I have been developing r-polars for over a year, and I felt that a significant rewrite was necessary.
r-polars is a clone of [py-polars](https://github.com/pola-rs/polars/tree/main/py-polars) /
[polars-python](https://github.com/pola-rs/polars/tree/main/crates/polars-python),
but the package structure is currently quite different.
Therefore, it was difficult to keep up with frequent updates.

I thought that now, around the release of Python Polars 1.0.0, is a good time for a complete rewrite, so I decided to try it.

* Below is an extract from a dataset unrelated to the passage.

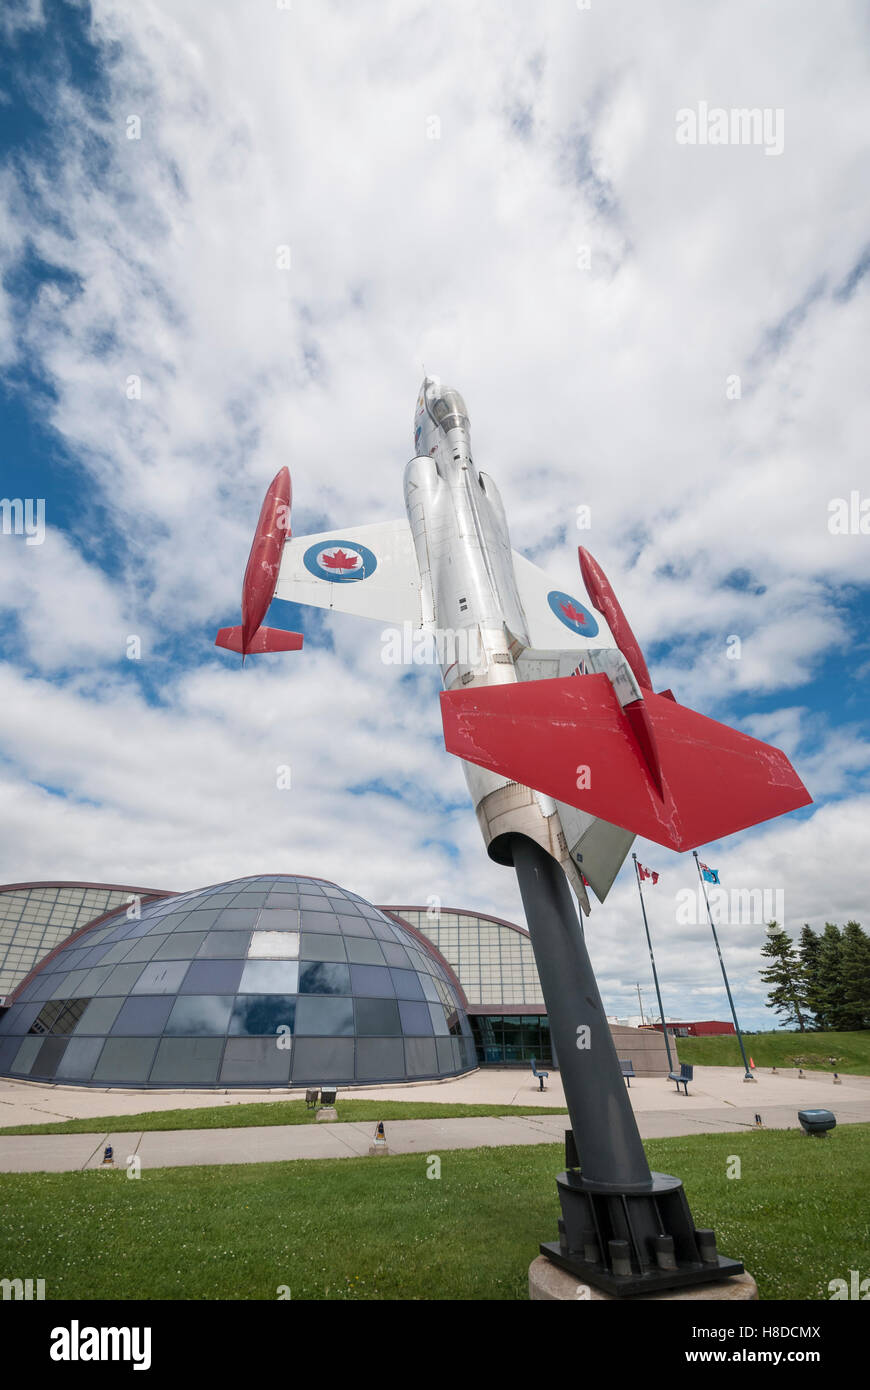 A Lockheed F-104 d Starfighter displayed on a pedestal outside the Canadian Warplane Museum in Hamilton Ontario Canada Stock Photo

There are several reasons to rewrite r-polars on both the Rust and R sides.

### Rust side

1. Appropriate file division. Due to the limitations of [extendr](https://github.com/extendr/extendr),
it is not possible to place multiple impl blocks.
([extendr/extendr#538](https://github.com/extendr/extendr/issues/538))
2. Error handling.
There is a lot of custom code to use the Result type with extendr, which is quite different from other packages based on extendr.
([extendr/extendr#650](https://github.com/extendr/extendr/issues/650))
3. Simplify type conversion.
The code is difficult to follow because it uses a macro called `robj_to` for type conversion (at least in rust-analyzer).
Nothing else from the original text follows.